Keywords: psychoanalysis; faith; return of the religious; atheism.
Escrevo como um psicanalista praticante que aqui se arrisca a teologizar como um
leigo. É deste lugar, entre esses dois campos que me concernem, que tento expor algumas
considerações sobre a complexa relação entre psicanálise e fé.
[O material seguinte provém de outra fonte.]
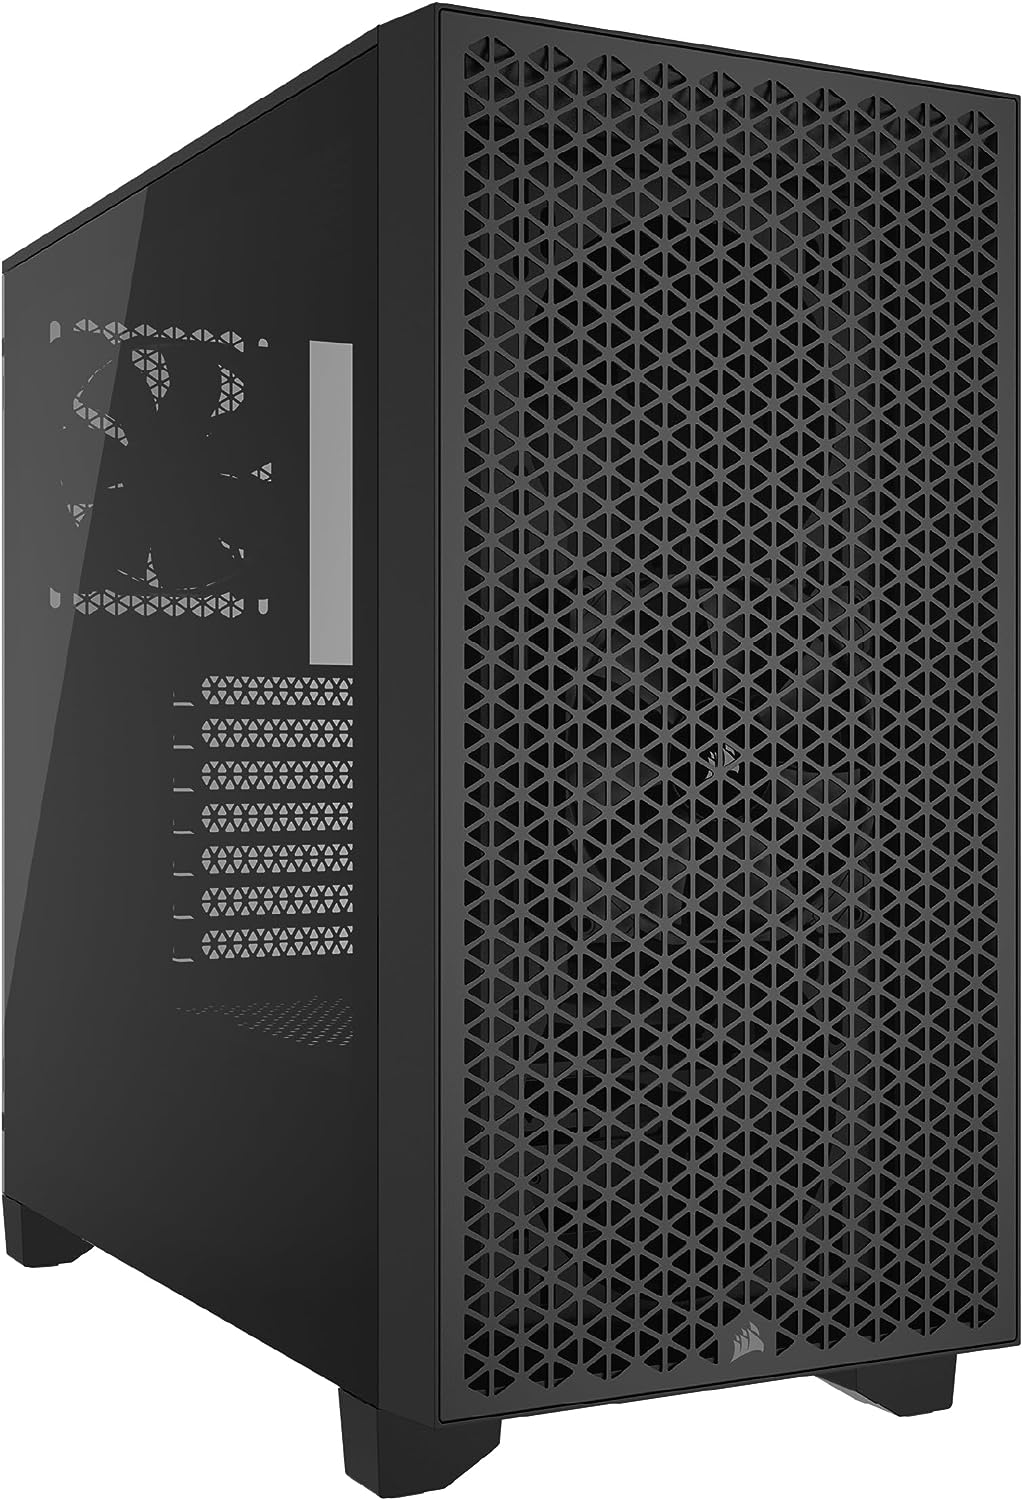 CORSAIR 3000D AIRFLOW Mid-Tower PC Case - Black - 2x SP120 ELITE Fans - Four-Slot GPU Support – Fits up to 8x 120mm fans - High-Airflow Design

Dado a amplitude do
assunto, a complexidade das duas disciplinas e o vasto campo de investigação que se abre
à medida que nele penetramos, só poderei aqui dar início a um trabalho que deverá
continuar em outras possíveis publicações.
3
Introdução
Na atualidade, constatamos com surpresa o retorno do religioso, de questões
relativas à fé, ou, de maneira geral, dos assuntos ligados à espiritualidade. Desacreditando
os profetas que proclamavam “a morte de Deus”, ou a morte da dimensão religiosa no ser
humano, deparamo-nos, hoje, com uma nova paisagem religiosa que se apresenta, apesar
das nuances, em todos os países do globo. Poderíamos descrevê-la assim: crescente
desinteresse pelas formas religiosas institucionalizadas, busca de religiosidade de maneira
individual e utilitarista, misticismo difuso, eclético, esotérico, denominada “Nova Era” e
unindo-se a isto, um re-encantamento da natureza. Não faltam ainda, no quadro geral,
fortes reações fundamentalistas e integristas.1 Sobressaem, no mundo evangélico, duas
ondas que invadem o mundo: o pentecostalismo e o neopentecostalismo.
Seja por causa da imensa relativização da qual padece nossa civilização atual, seja
em função da sua contrapartida, os fundamentalismos e suas temíveis ações, a religião,
sua importância e seus efeitos, ganham novamente lugar nas conversas em nossa vida
cotidiana e nos debates entre intelectuais, cientistas e homens de fé.
A psicanálise sempre atenta ao dinamismo da cultura, conhecedora que é dos
efeitos que as mudanças na civilização produzem nos modos de um sujeito representar-se
e se satisfazer, não poderia deixar de se afetar por este novo ambiente e, mais uma vez,
como no tempo de Freud, recoloca-se no seio do debate, desde seu saber e sua
experiência.
Chega assim um tempo oportuno para reconsiderar e resituar o velho problema
entre psicanálise e fé, não só à partir das novas perspectivas oferecidas pela psicanálise
de orientação lacaniana, mas também pelas vias abertas e oferecidas por uma teologia
viva e esclarecida que hoje se faz presente e acessível ao leitor interessado.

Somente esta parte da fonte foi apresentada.